Sebab limbah B3 Medis COVID-19 ini, ujarnya, merupakan masalah yang sangat penting dan harus diatasi segera. Jadi perlu penyediaan fasilitas pengolahan yang cukup. “Ya, itu supaya semuanya dicek,” kata Mustasyar Pengurus Besar Nahdlatul Ulama (PBNU) itu.

Dalam rakor ini, turut hadir secara daring Menteri Koperasi dan Usaha Kecil dan Menengah (Menkop UKM) RI, Drs. Teten Masduki, Wakil Menteri Kesehatan (Wamenkes) RI, dr. Dante Saksono Harbuwono, Sp.P.D-K.E.M.D., Ph.D., dan Jaksa Agung RI, Dr. H. Sanitiar Burhanuddin, S.H., M.M.

Hadir pula Tim Pakar Badan Nasional Penanggulangan Bencana (BNPB), Prof. drh.
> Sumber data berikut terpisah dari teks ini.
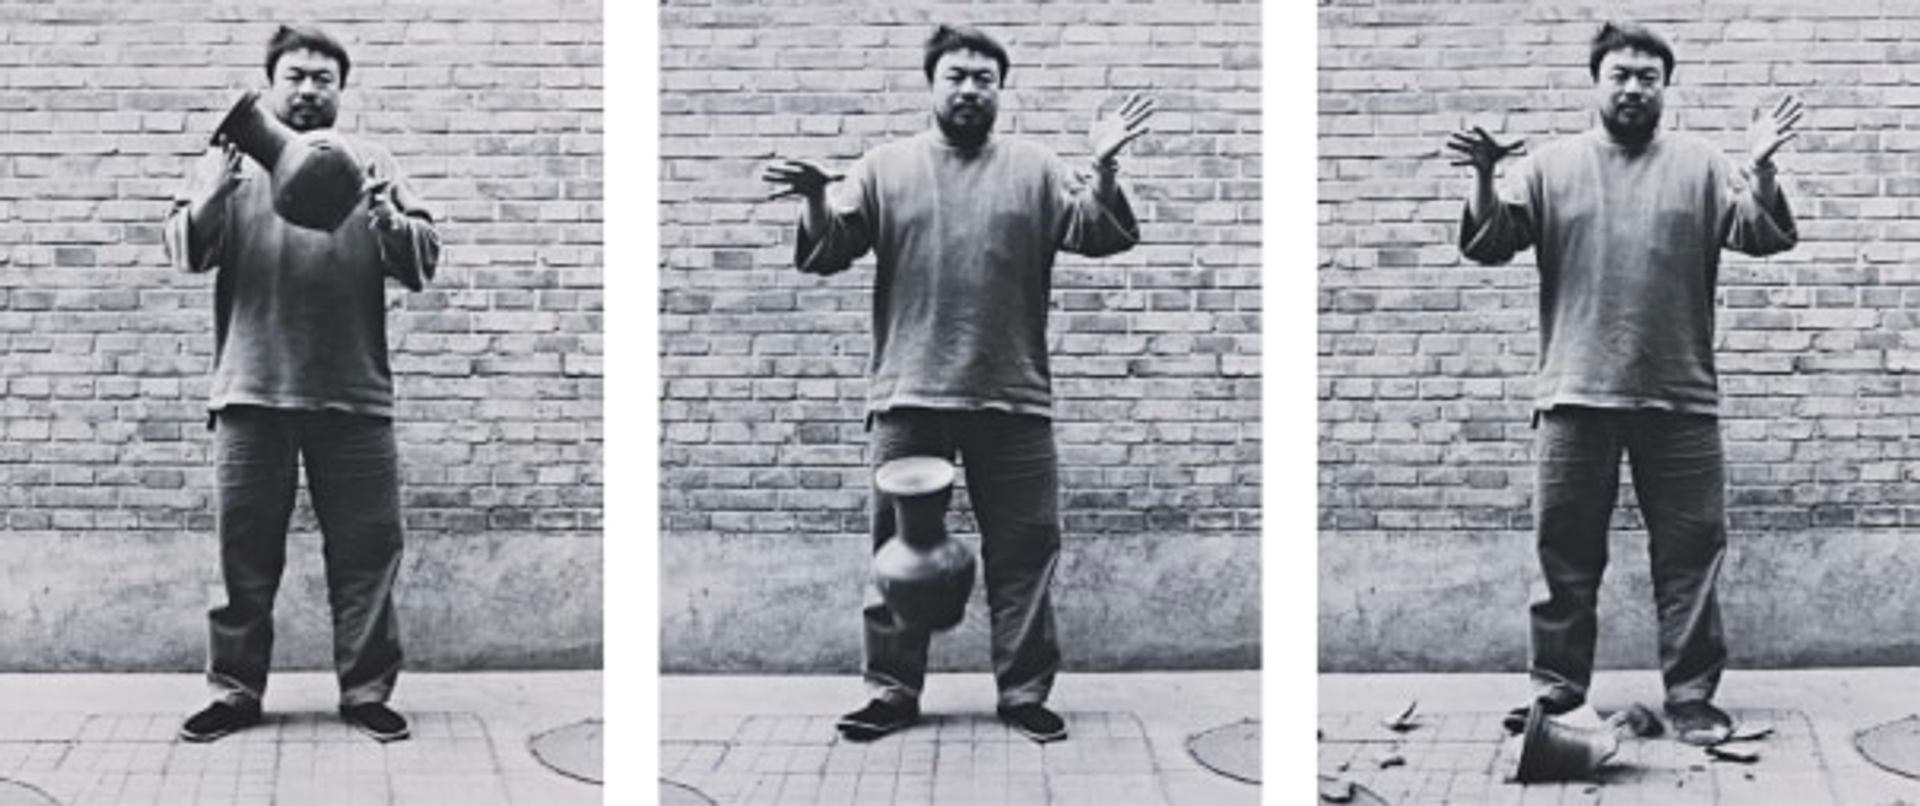 Three consecutive photographs of artist Ai Weiwei dropping an urn onto the floor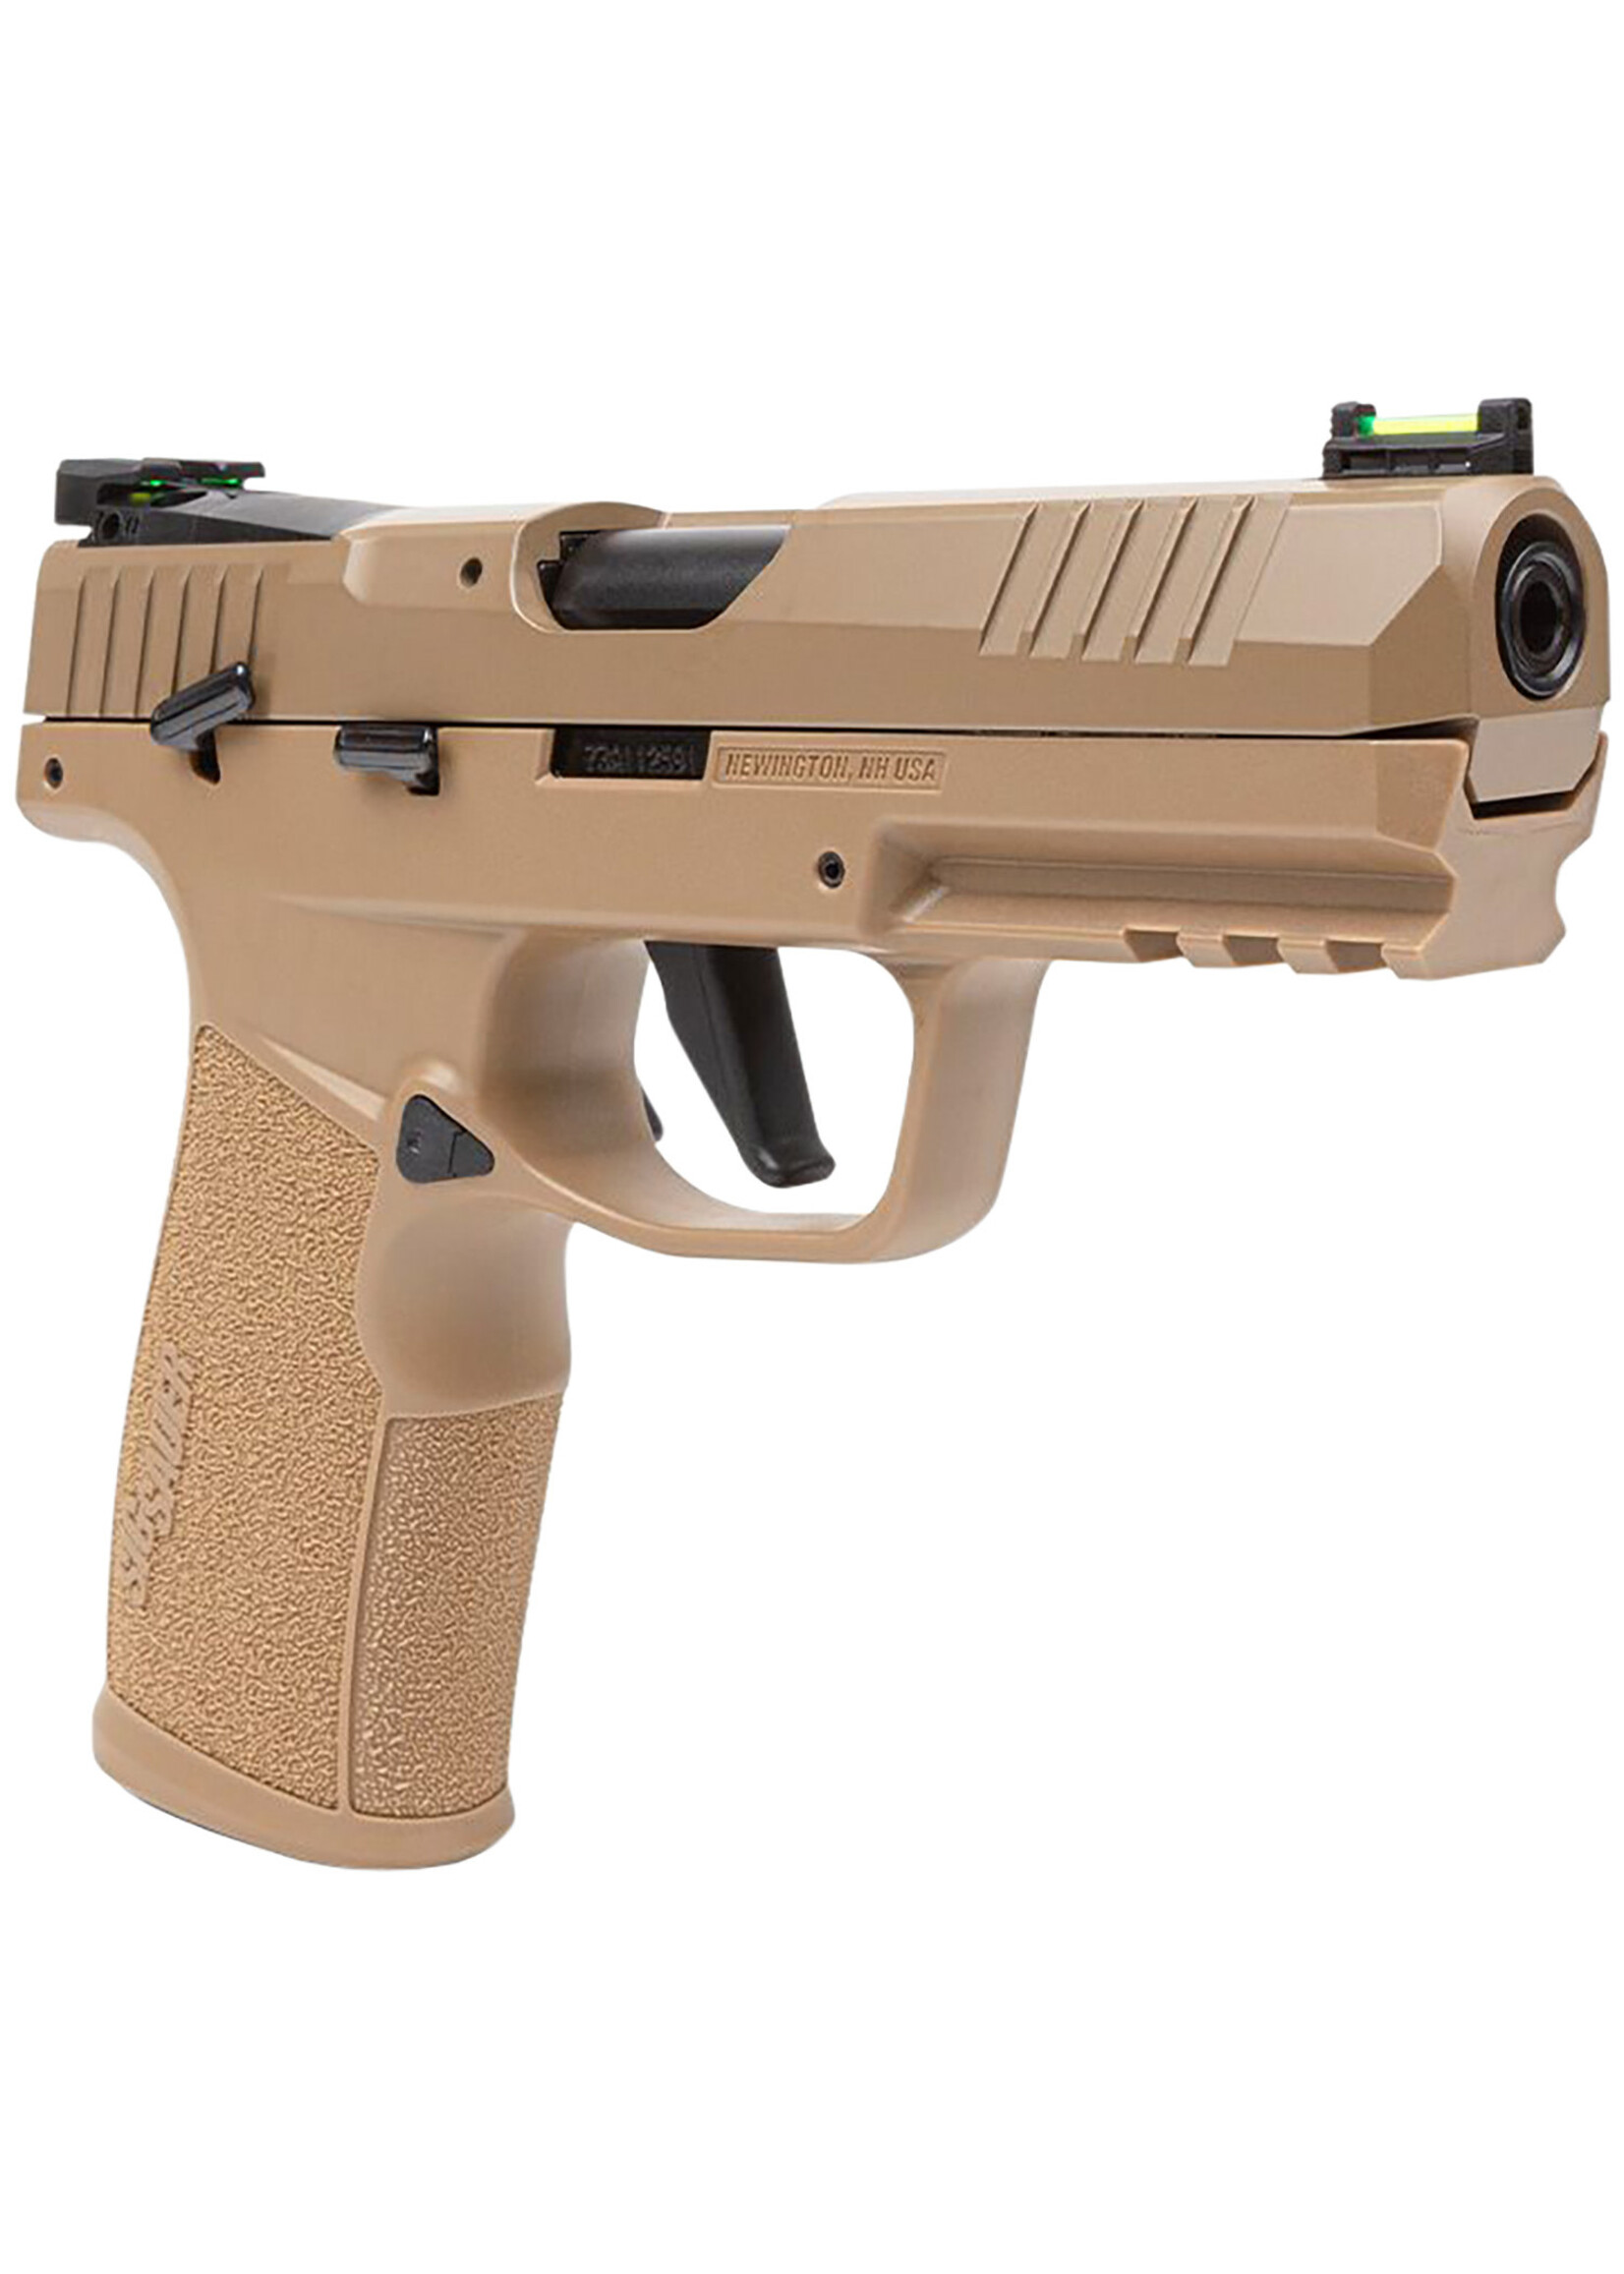 Sig Sauer SPECIAL ORDER Sig Sauer 322CCOYTACPAC P322 Full Size 22 LR 20+1 4" Black Steel w/Threaded Barrel Adapter Barrel/ Coyote Cerakote Optic Ready/Serrated Slide/ Coyote Tan Steel Frame w/Picatinny Rail/ Coyote Polymer Grip Module Grips Ambidextrous

Wiku Bakti Bawono Adisasmito, M.Sc., Ph.D., dan Kepala Badan Pemelihara Keamanan (Kabaharkam) Kepolisian RI (Polri), Komisaris Jenderal (Komjen.) Polisi (Pol). Drs. Arief Sulistyanto, M.Si.

Turut hadir Sekretaris Jenderal (Sekjen) Kementerian Dalam Negeri (Kemendagri) RI, Dr. Ir. Muhammad Hudori, M.Si., Gubernur DIY, Sri Sultan Hamengkubuwono X, para Bupati se-Provinsi DIY dan jajaran Forum Komunikasi Pimpinan Daerah (Forkompinda) DIY.